Drifting off to sleep should be one of life’s joys. For some people, they can fall asleep the minute their head hits the pillow while for others it’s a nightly struggle. A lack of sleep can lead to daytime fatigue, poor concentration and irritability. Try some techniques that may reduce the time and anxiety involved in getting some shut-eye.
There may be a number of reasons why you can’t fall asleep quickly but one of the most common is stress. If your mind hasn’t switched off from a busy day and you are thinking about tomorrow, you will probably find it more difficult to sleep.
Looking at the bright screen of your laptop, TV or iPad is not conducive to sleep. Try to turn off all electronics an hour before bedtime and read a book and try to relax before going to bed.
If possible, eat a few hours before going to bed so that you aren’t too full or too hungry. If you have just finished a heavy meal before bed, you can be uncomfortable and your body is busy digesting your food to allow you to fall asleep. Some foods can cause congestion, gastrointestinal upsets and gas, so experiment with different evening meals to see if one type is better than another.
Daily exercise is important for sleep so try to get a minimum 30 minutes each day. If you prefer to exercise later in the day, try to finish an hour or two before bedtime so your body has time to return to a resting state before trying to sleep.
Work out what activities make you feel relaxed. Everyone is different and what is relaxing for one person isn’t for another. Try taking a warm bath, reading a book, doing some yoga or meditation and having a hot drink. By trying a variety of activities, you will hopefully find one that suits you.
5. Noisy Partner
Of course, a snoring partner can make sleep difficult. If nudging them to roll over doesn’t work, encourage them to see the GP to try and find a solution for their snoring.
6. Write a List
We often think about everything we need to do the next day when we go to bed, but it’s a bad habit. Try writing it all down on a list and the time you intend to tackle the task the next day then put it out of your mind. Remind yourself there is nothing you can do in bed to fix a problem, so put your worries aside.

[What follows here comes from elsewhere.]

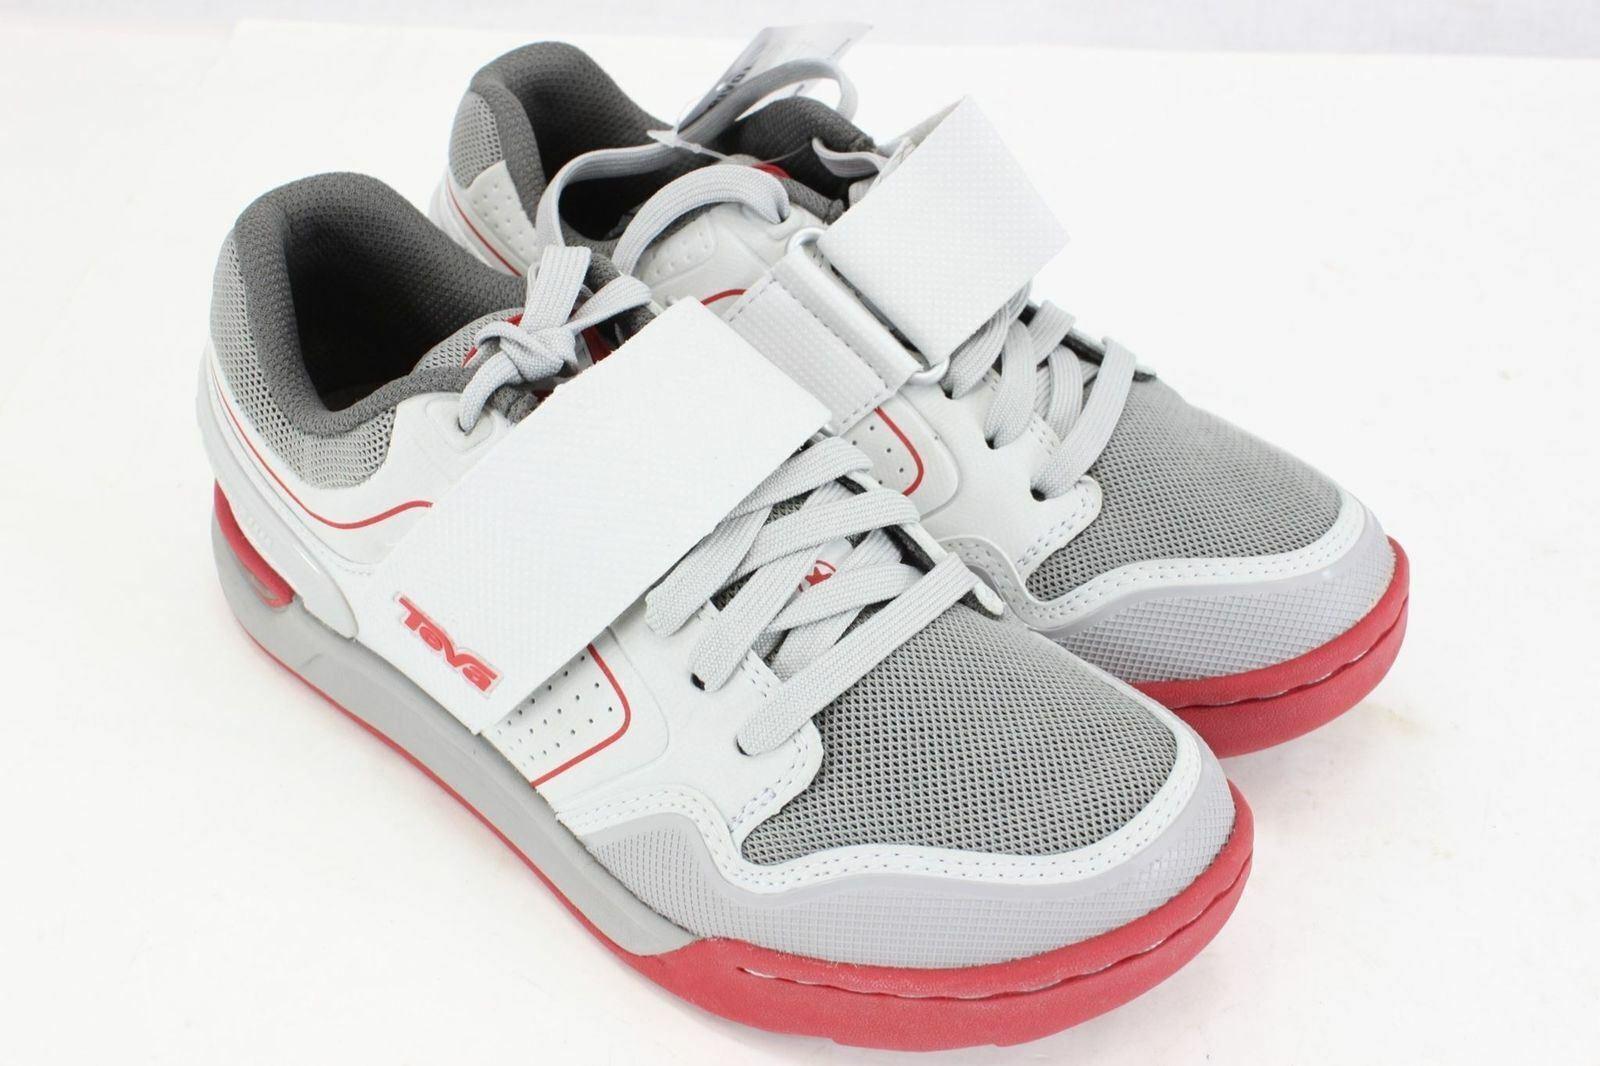 Teva Men's Pivot Cycling shoes Light Grey Size 5 1002980 NOS
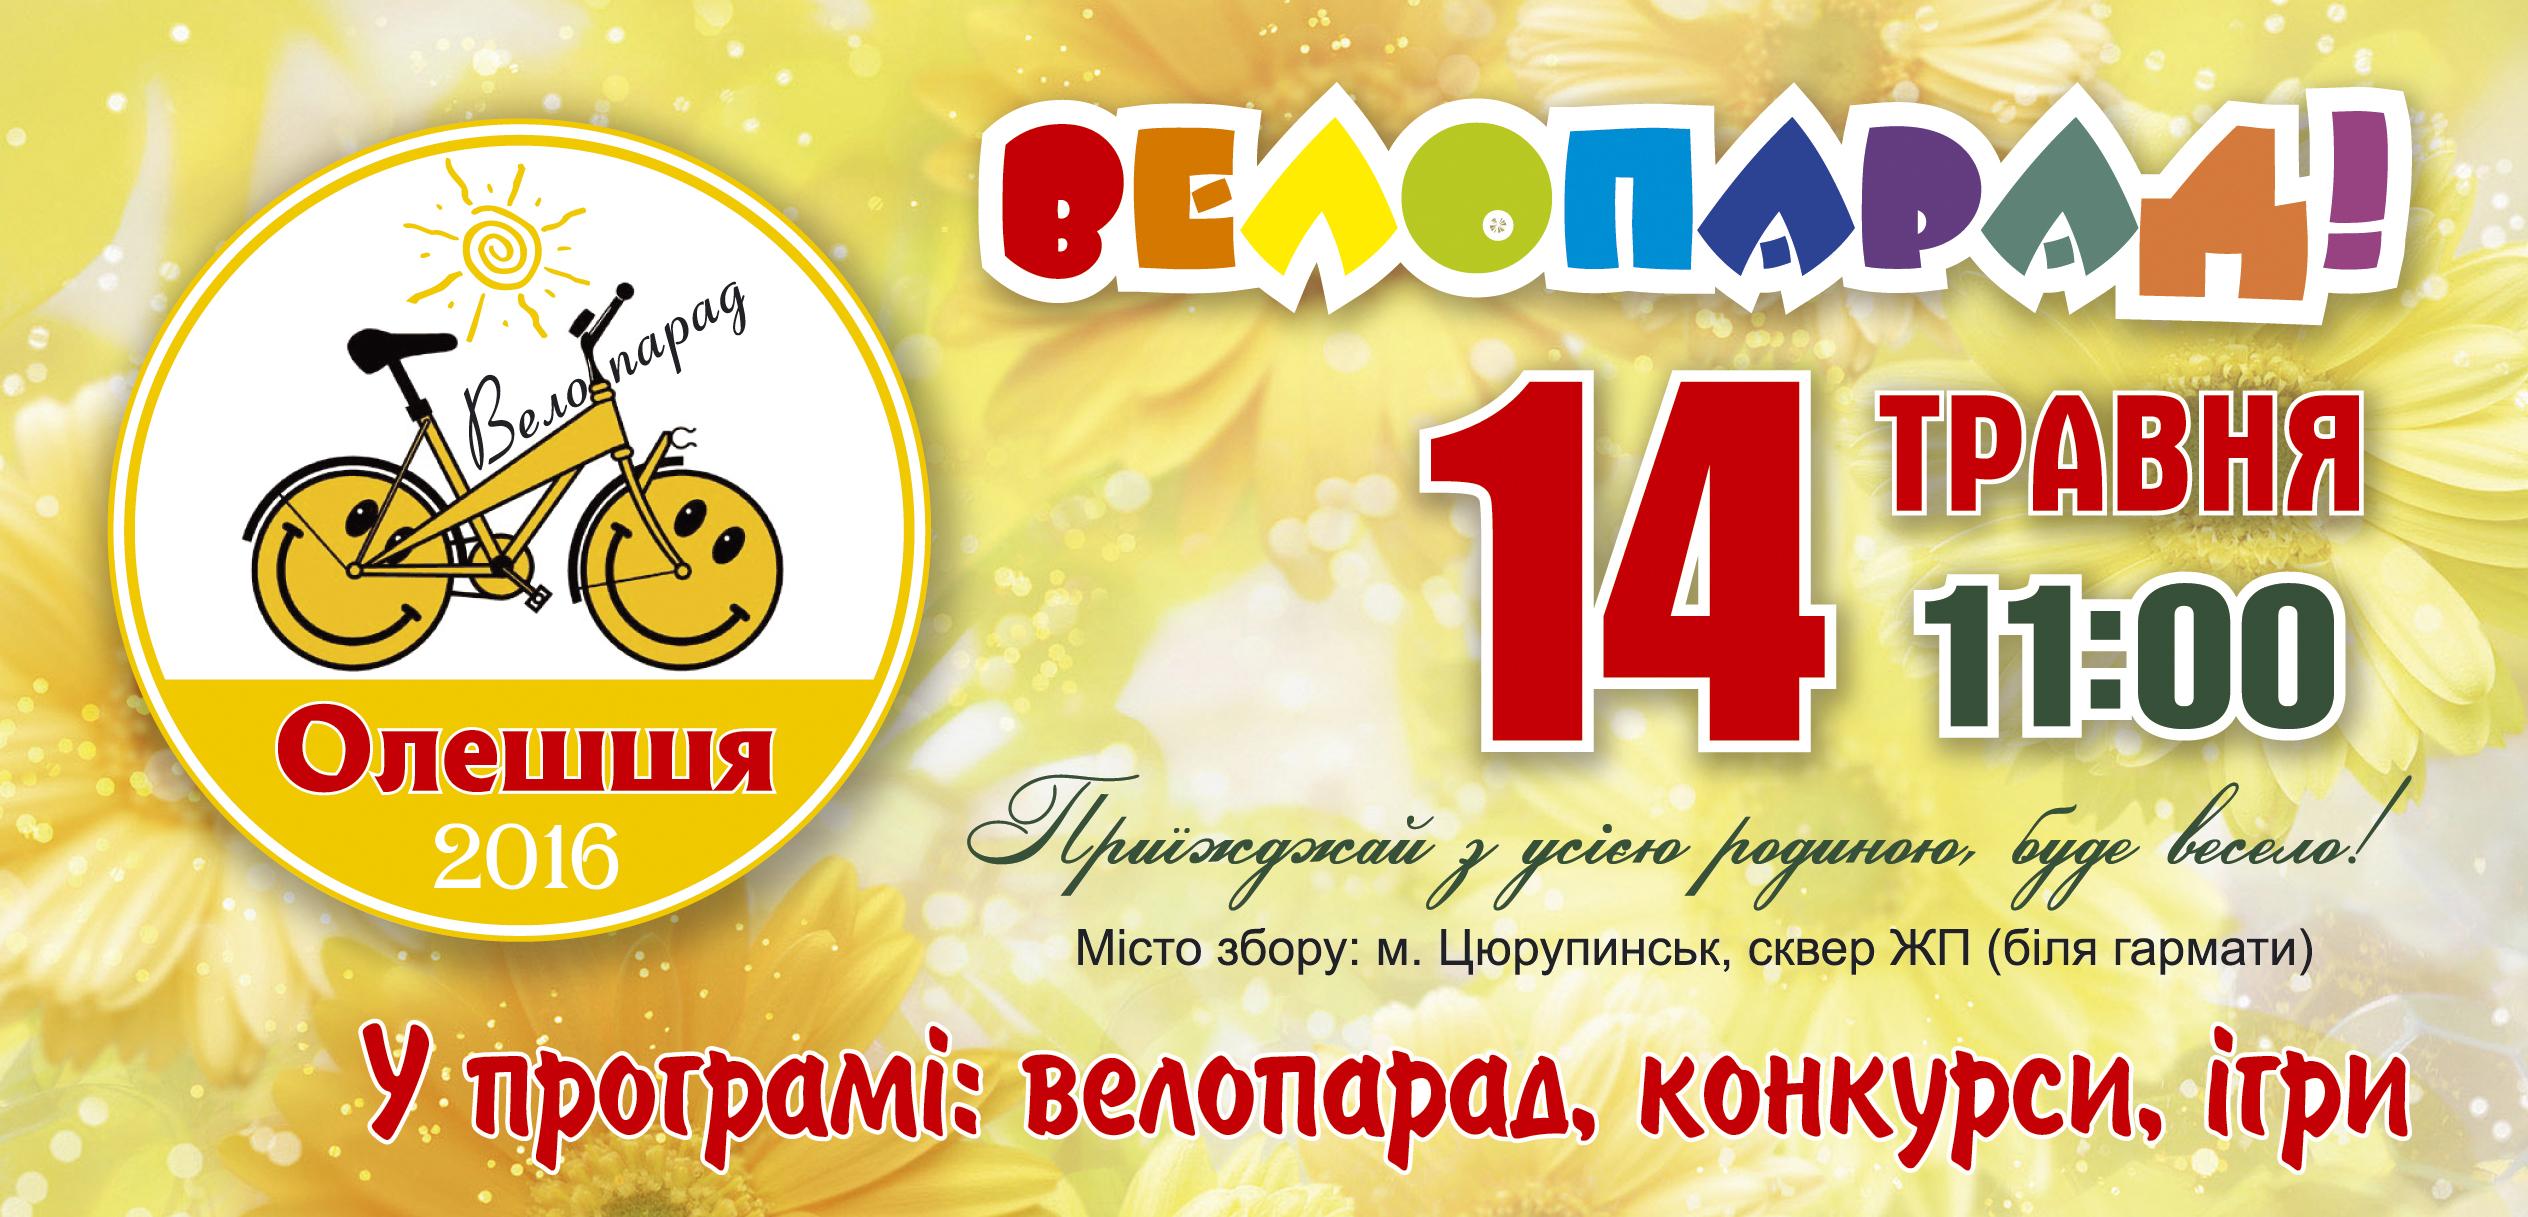 http://s2.uploads.ru/yQJT1.jpg

7. Sleep & Rise at the Same Time
If you aren’t a shift worker, then try to go to bed at roughly the same time each night. If you have two or three late nights during the week and early nights the rest of the week it becomes hard for your body to get into a good sleep rhythm.
Make sure your room isn’t too hot or cold, the ideal temperature for comfortable sleeping is 21 degrees Celsius. In winter use a heater or hot water bottle to warm the room and bed. In summer use a fan or air-conditioner to try cooling your room. Some people need fresh air to sleep so open the window. Try to reduce the light entering your bedroom by getting thicker curtains. Remove the TV or phones in your bedroom or anything else that makes noise. Turn your alarm clock towards the wall so you can’t see how late it is getting, causing you more angst about not getting to sleep. A quiet, dark room is most conducive to falling asleep.
9. Avoid Caffeine, Alcohol & Tobacco
All of these vices can cause an increased heart rate. Try to avoid drinking or smoking late in the evening when you need your body to be in a relaxed state. Instead, try sipping Chamomile tea because it can relieve anxiety and induce relaxation.
People around the world believe homeopathy helps them fall asleep. There is a range of remedies from oils to pills that treat the different symptoms of sleeplessness. You may need to try a few to find the one that best suits your situation.
If you have tried a few options to encourage sleep and they aren’t helping, make an appointment to see your doctor. Not being able to fall asleep or stay asleep is frustrating and, if left to continue long-term, can impact your quality of life.